*SOURCE MATERIAL*:
'''

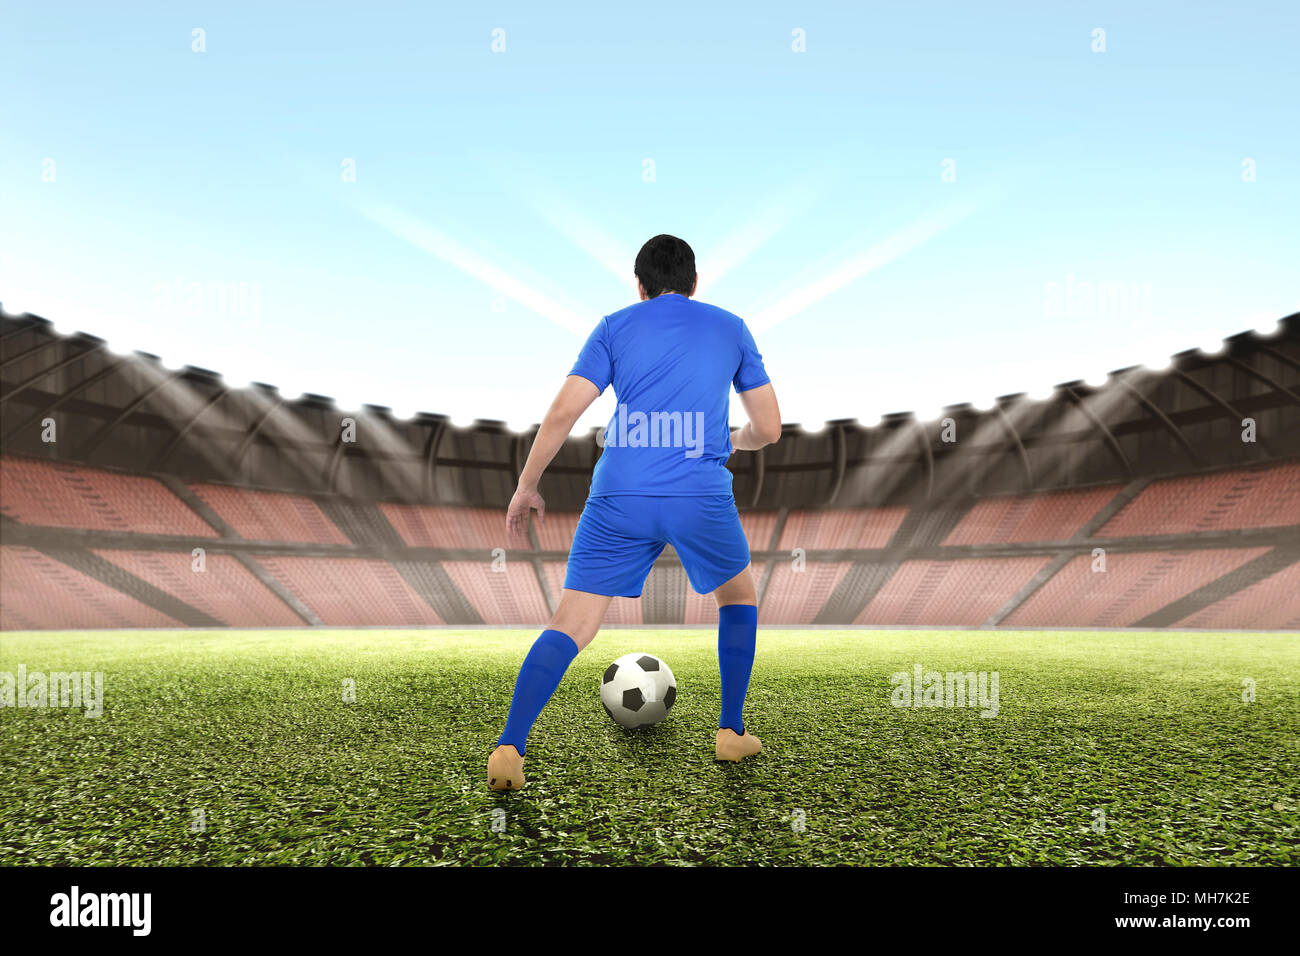 Professional asian giocatore di football dribbling la palla sul campo Foto Stock
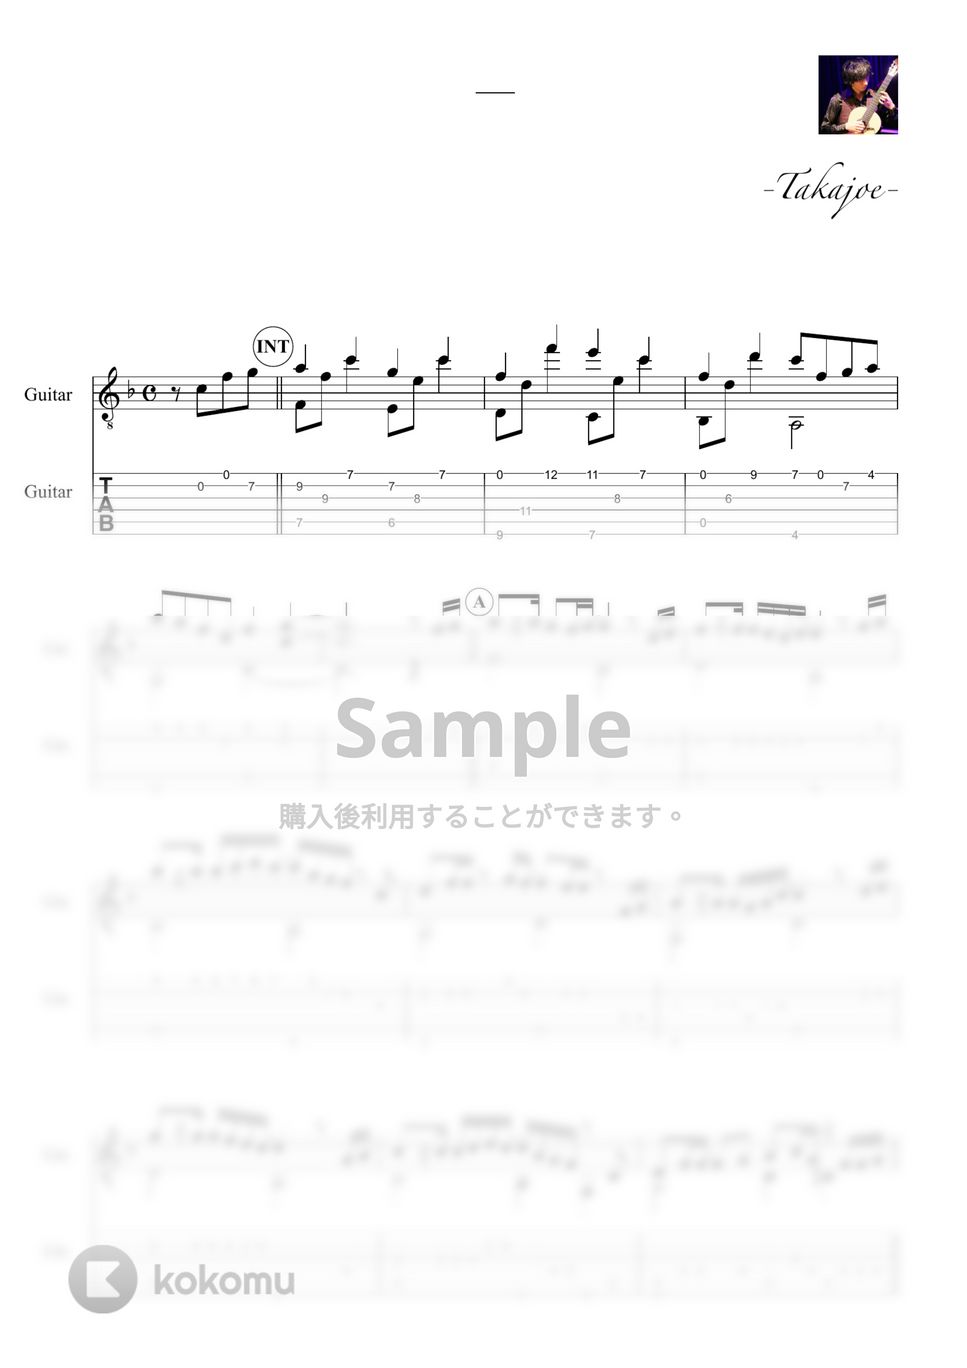 菅田将暉 - 虹 (『STAND BY ME ドラえもん 2』) by 鷹城-Takajoe-
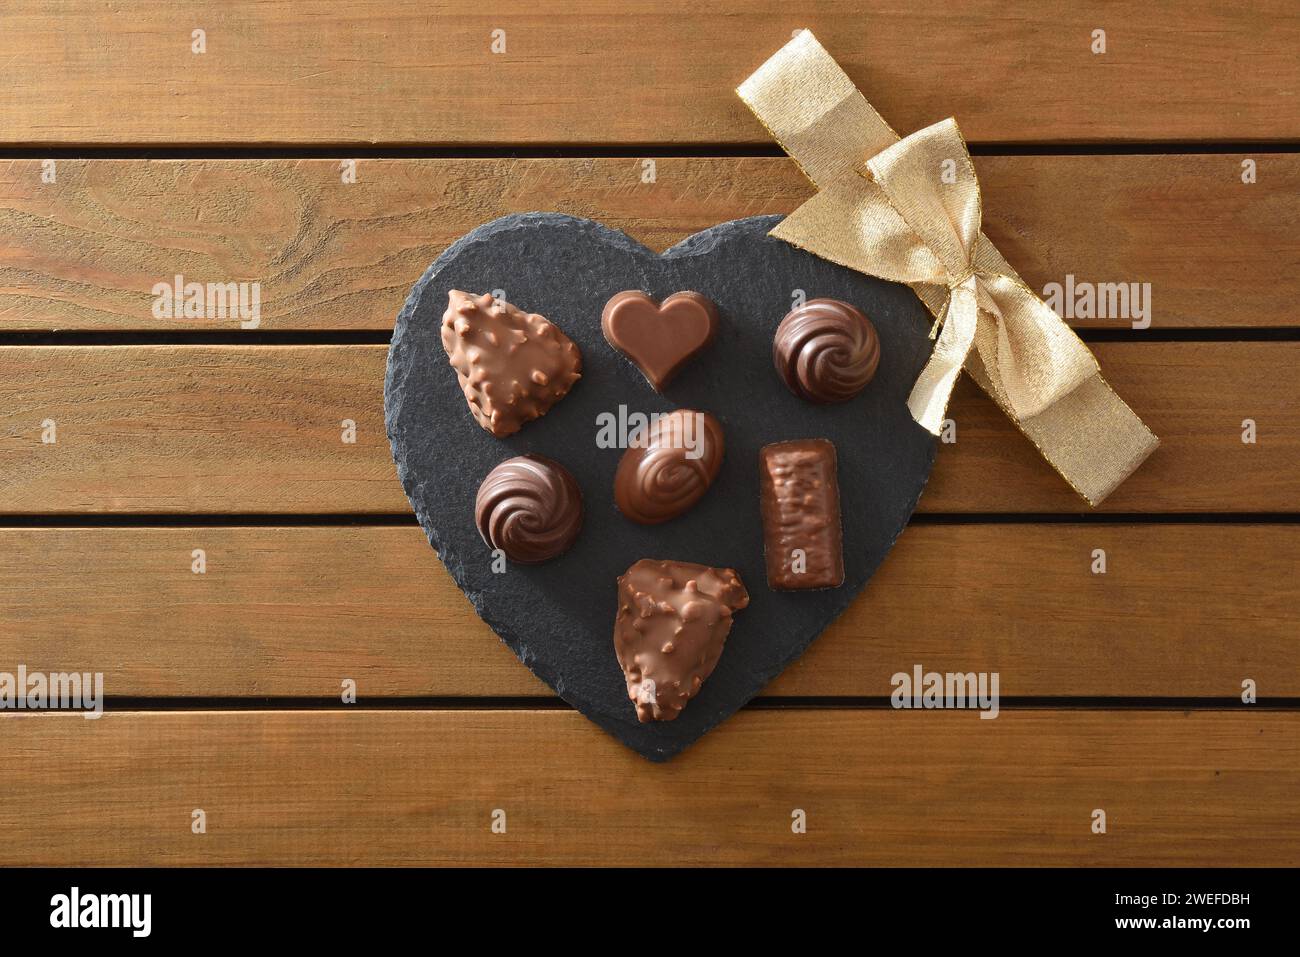 Assortiment de chocolats sur une assiette en ardoise en forme de coeur avec noeud doré au centre sur une table à lattes en bois. Vue de dessus. Banque D'Images
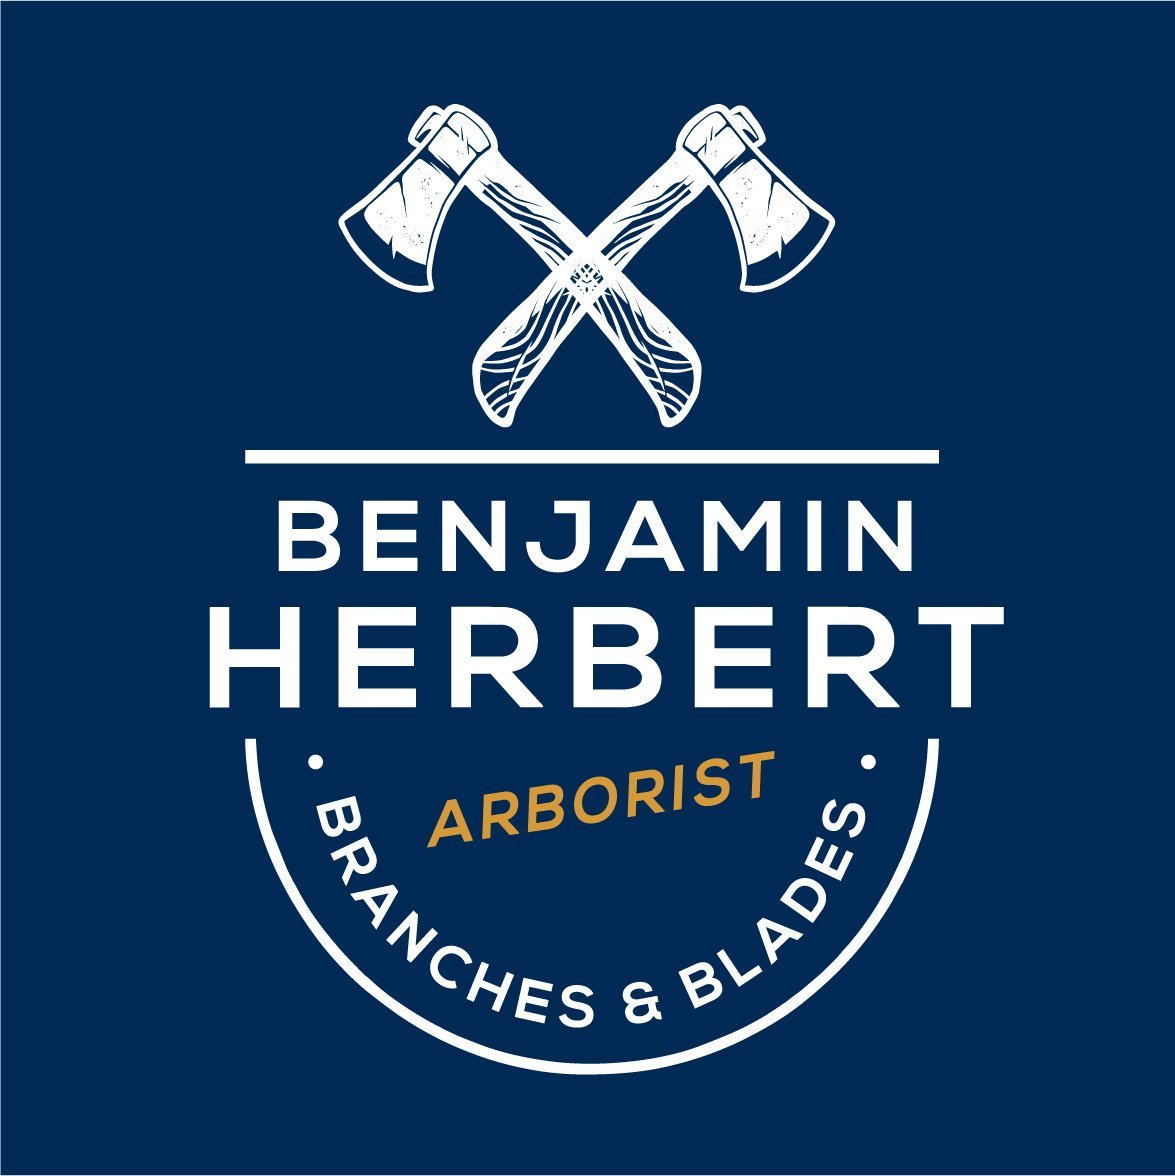 Benjamin Herber Arborist-logobadge2.jpg

'''

*WHAT TO PRODUCE*: For this exercise, return the material word for word and drop each image.

*REPLY TO THE TASK*:
 Professional asian giocatore di football dribbling la palla sul campo Foto Stock
 菅田将暉 - 虹 (『STAND BY ME ドラえもん 2』) by 鷹城-Takajoe-
 Assortiment de chocolats sur une assiette en ardoise en forme de coeur avec noeud doré au centre sur une table à lattes en bois. Vue de dessus. Banque D'Images
 Benjamin Herber Arborist-logobadge2.jpg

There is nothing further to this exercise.